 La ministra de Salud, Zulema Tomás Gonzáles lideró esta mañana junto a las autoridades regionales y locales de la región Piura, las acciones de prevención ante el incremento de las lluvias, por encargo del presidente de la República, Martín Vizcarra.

...

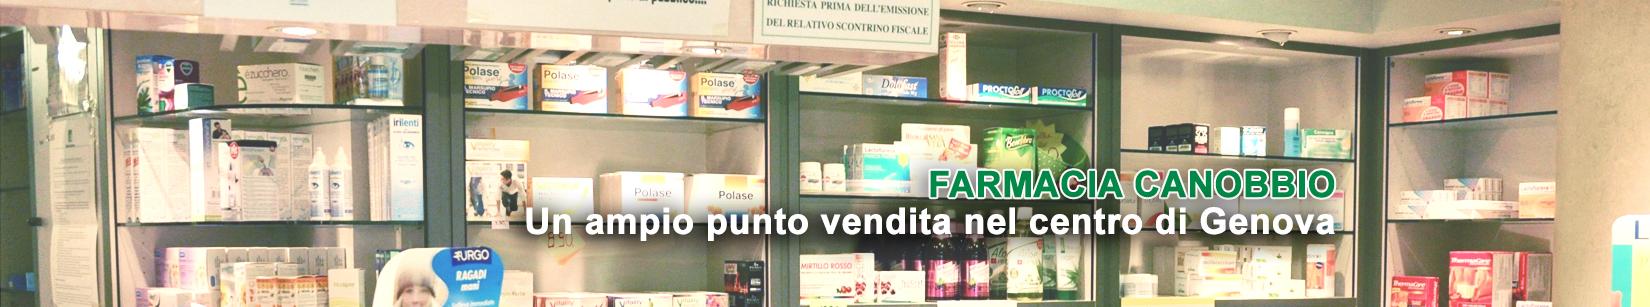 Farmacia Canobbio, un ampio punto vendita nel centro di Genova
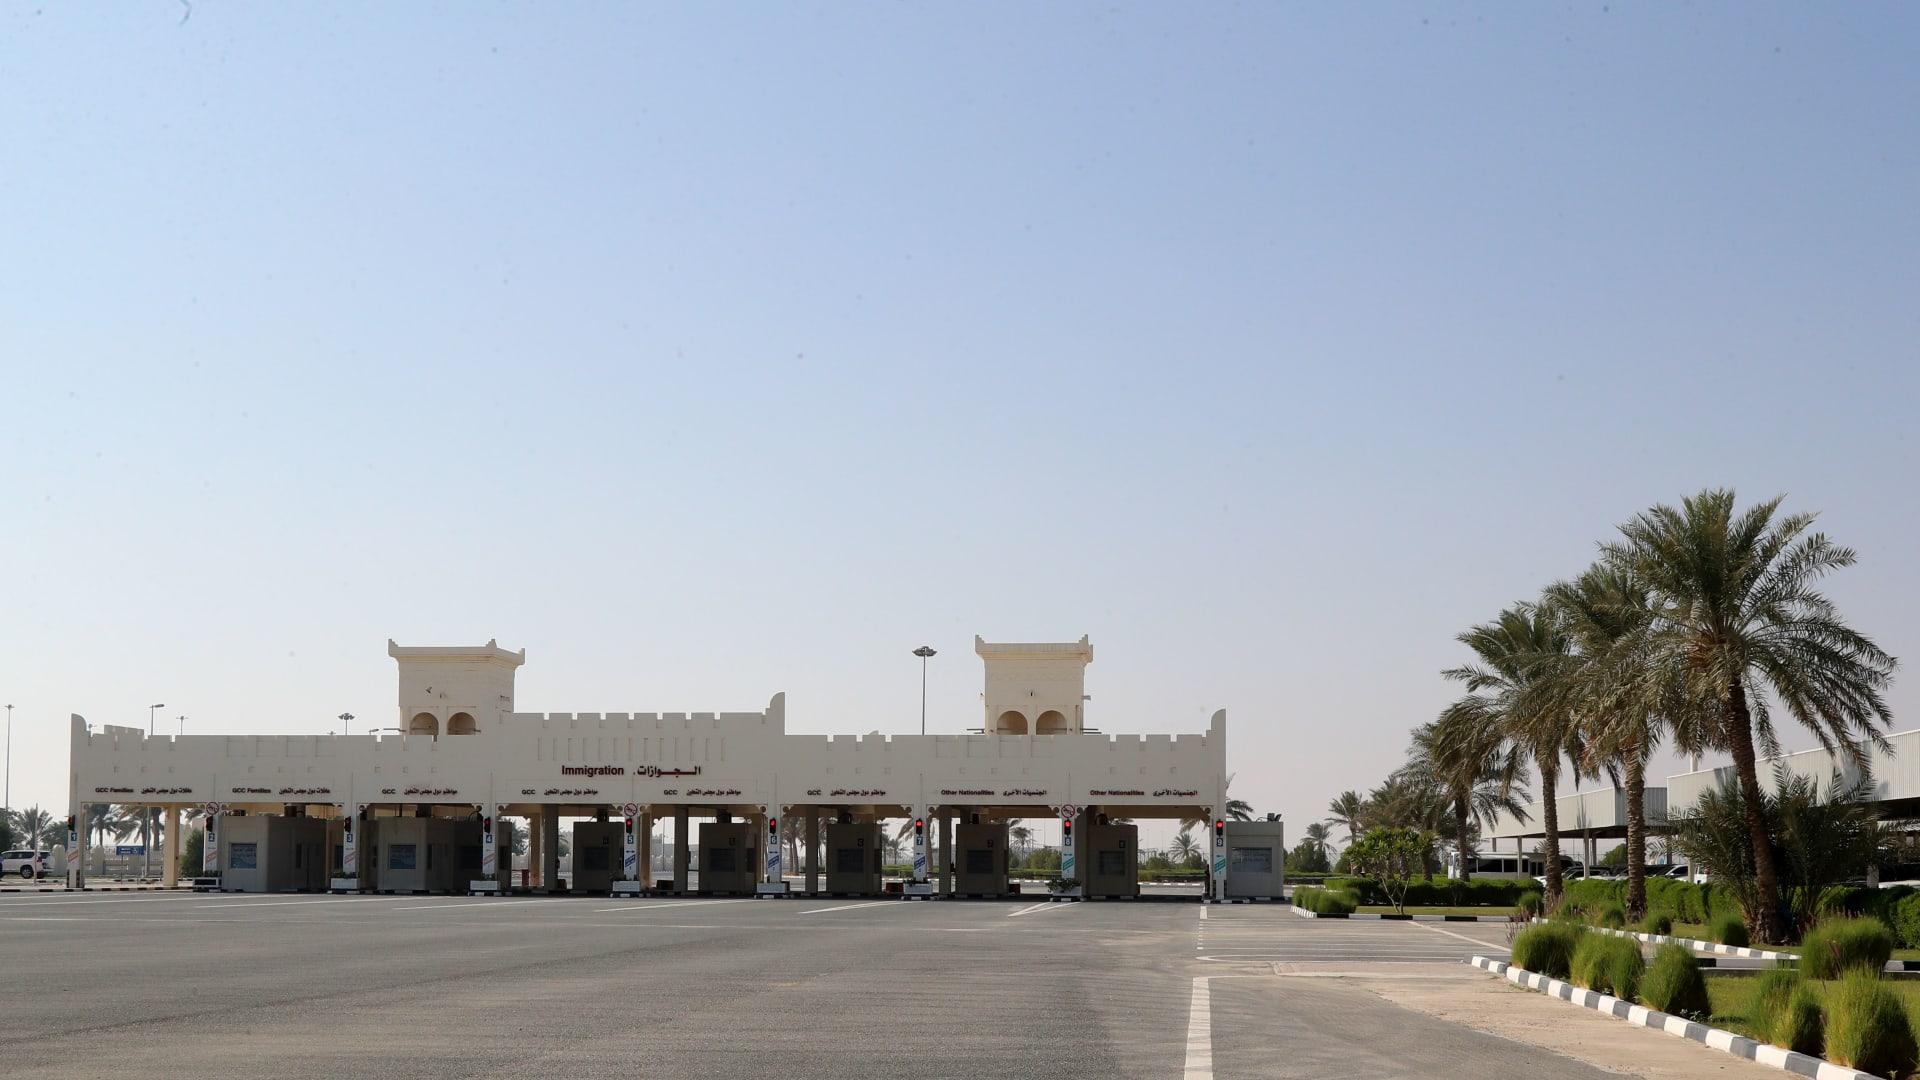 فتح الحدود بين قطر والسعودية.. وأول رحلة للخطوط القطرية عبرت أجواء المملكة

Required action ::
Repeat, word for word, the lines of the material above from the one holding "Farmacia Canobbio, un" through the one holding "فتح الحدود بين". Leave out pictures.

Result of this exercise ::
 Farmacia Canobbio, un ampio punto vendita nel centro di Genova
 فتح الحدود بين قطر والسعودية.. وأول رحلة للخطوط القطرية عبرت أجواء المملكة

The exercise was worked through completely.